Source material:

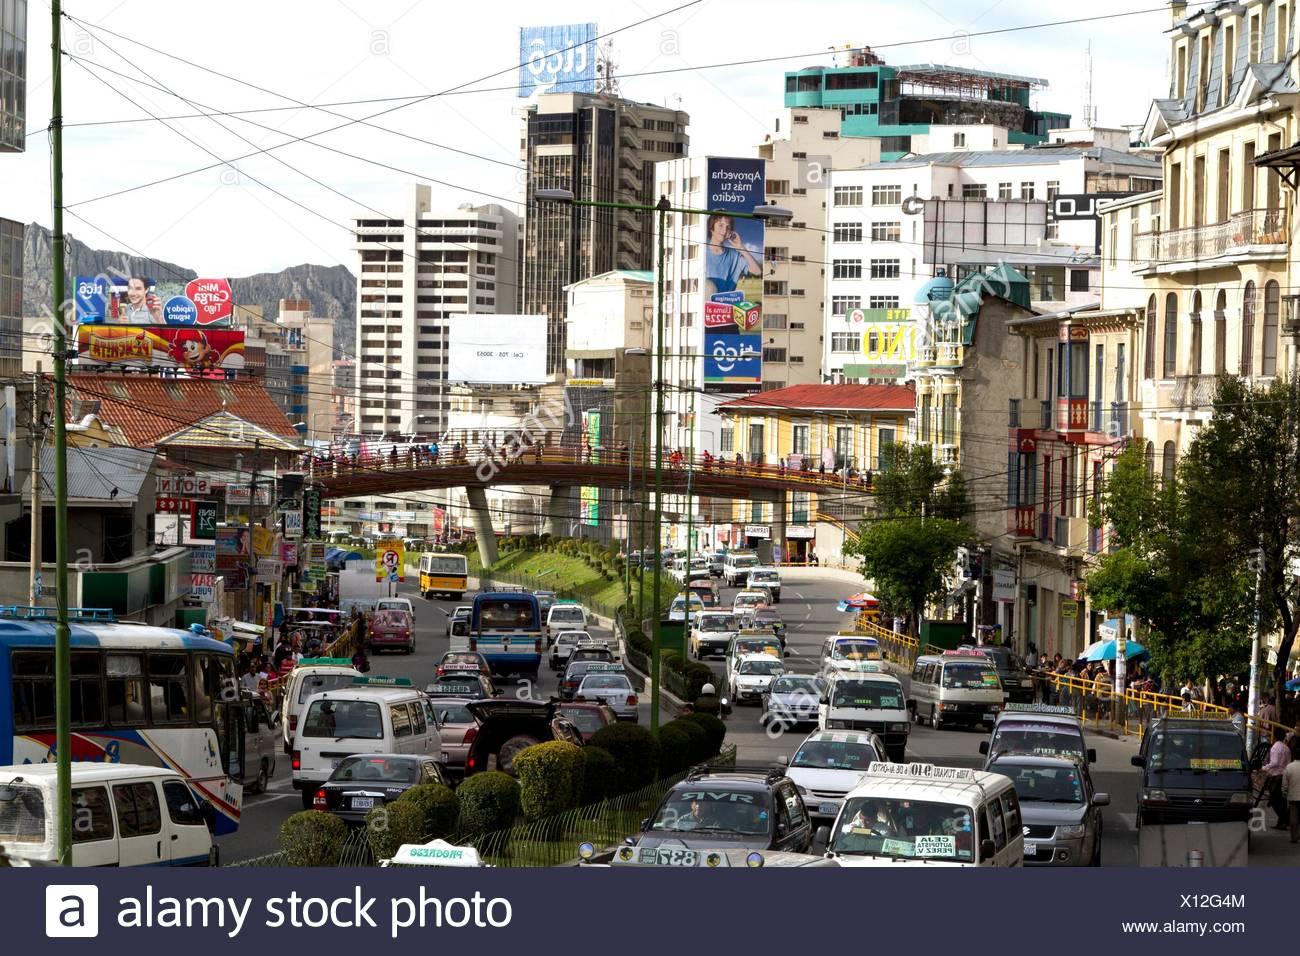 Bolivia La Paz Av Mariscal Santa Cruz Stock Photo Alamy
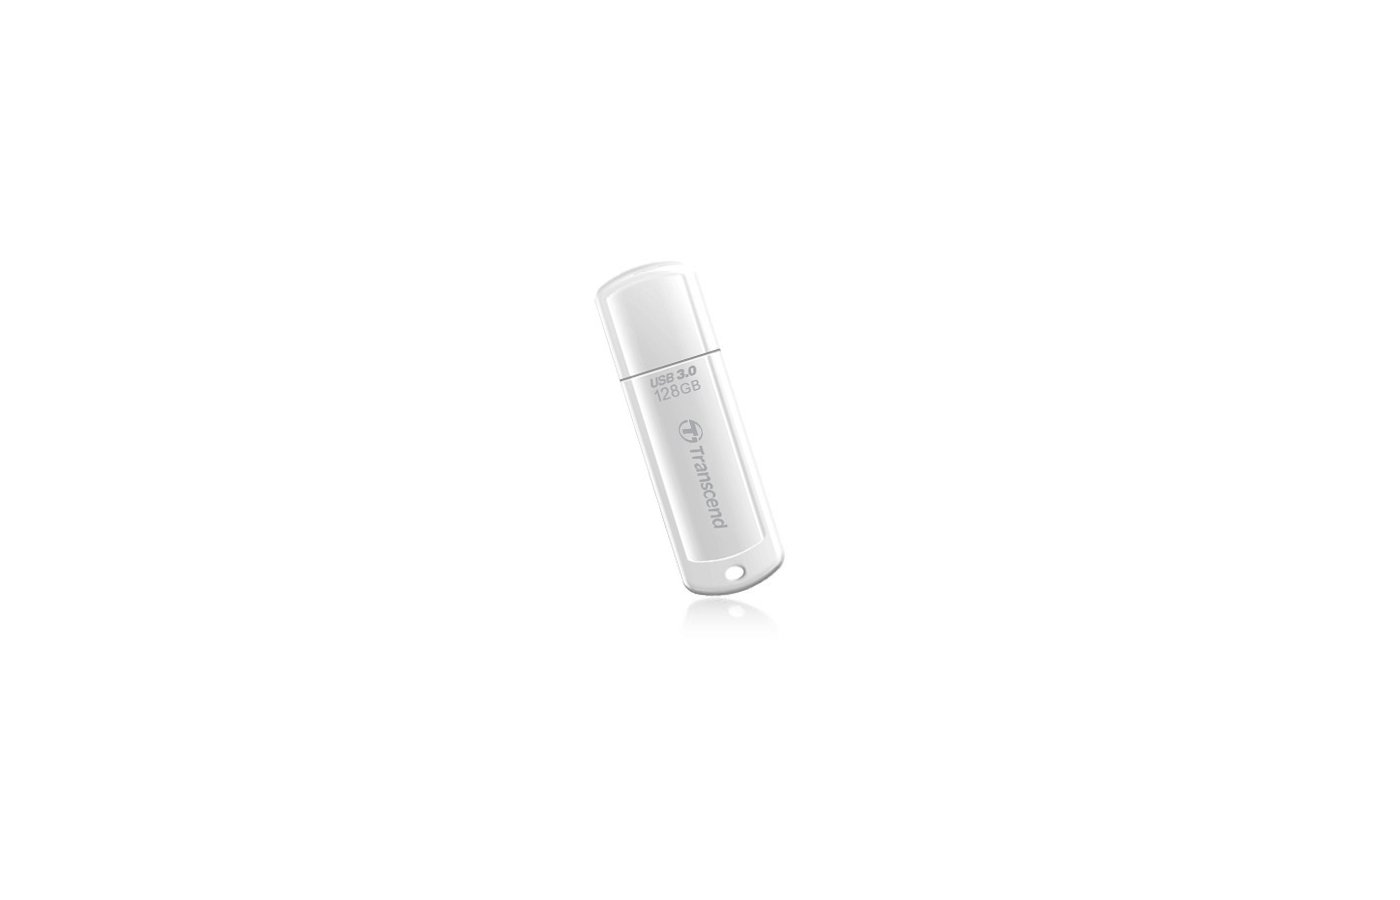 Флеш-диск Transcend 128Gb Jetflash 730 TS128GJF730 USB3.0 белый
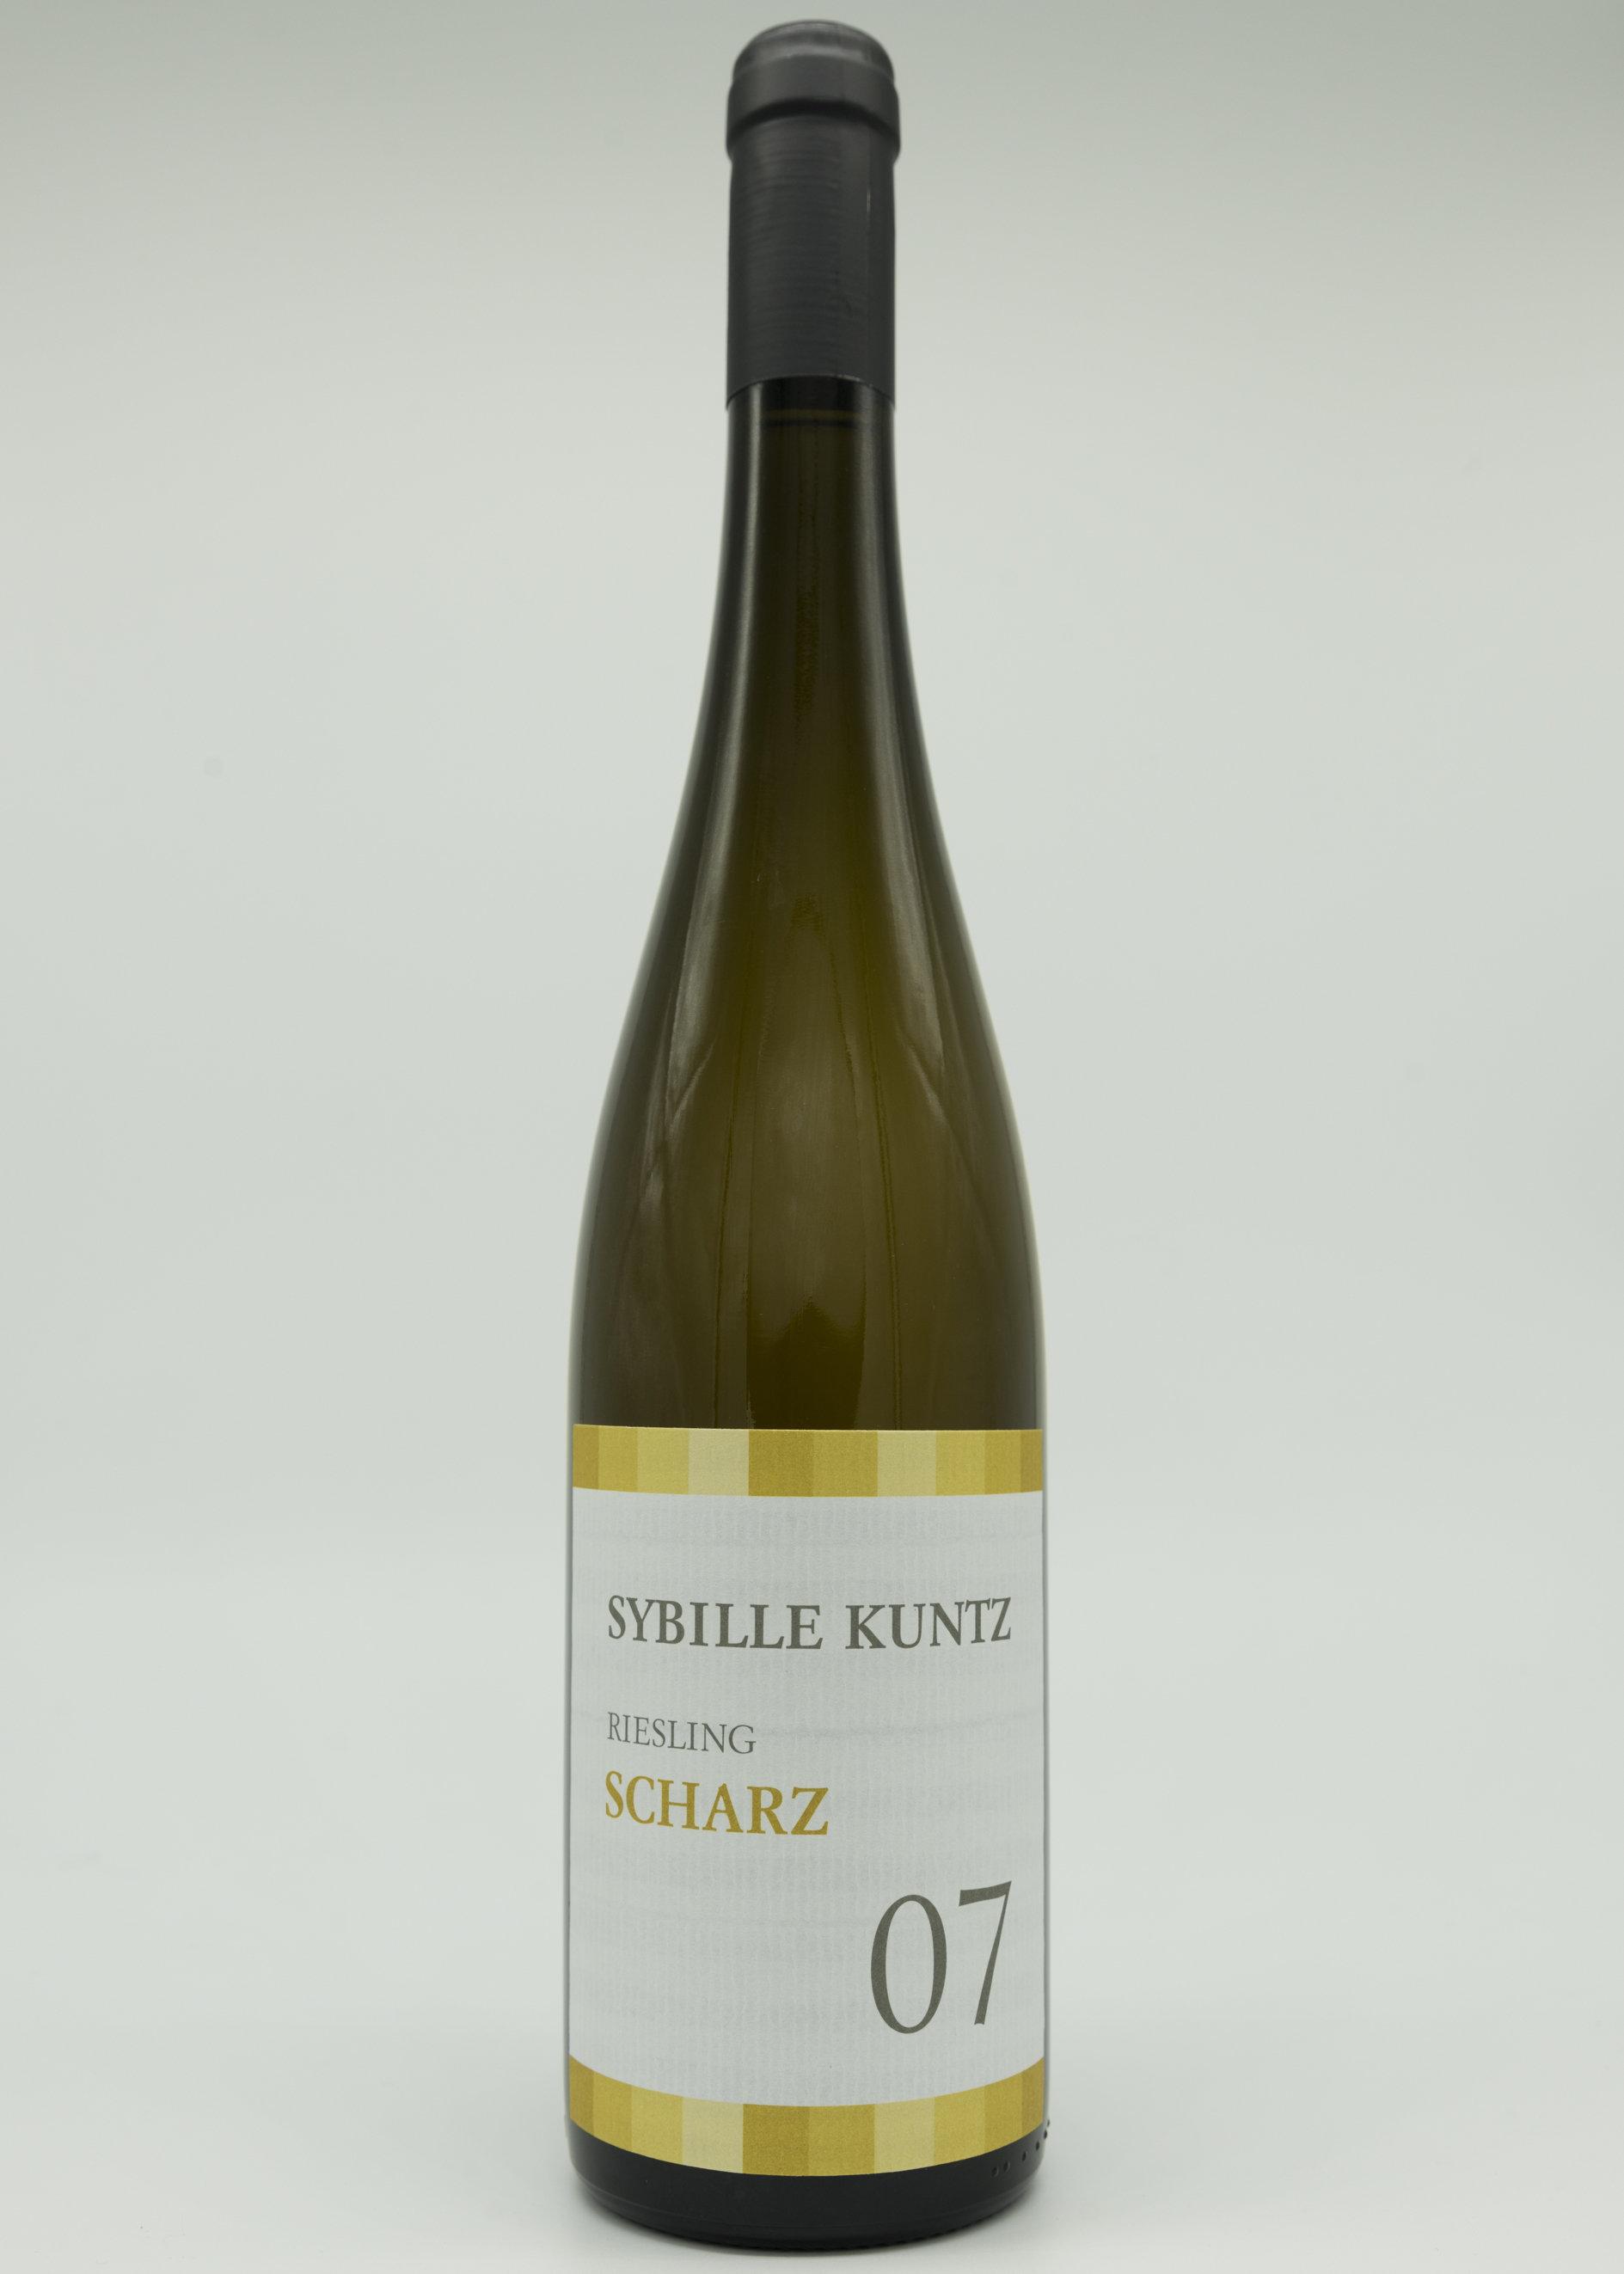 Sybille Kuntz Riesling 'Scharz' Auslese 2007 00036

The problem:
Quote everything in the listing above exactly; pictures are the only thing to omit.

Output of the exercise:
 Bolivia La Paz Av Mariscal Santa Cruz Stock Photo Alamy
 Флеш-диск Transcend 128Gb Jetflash 730 TS128GJF730 USB3.0 белый
 Sybille Kuntz Riesling 'Scharz' Auslese 2007 00036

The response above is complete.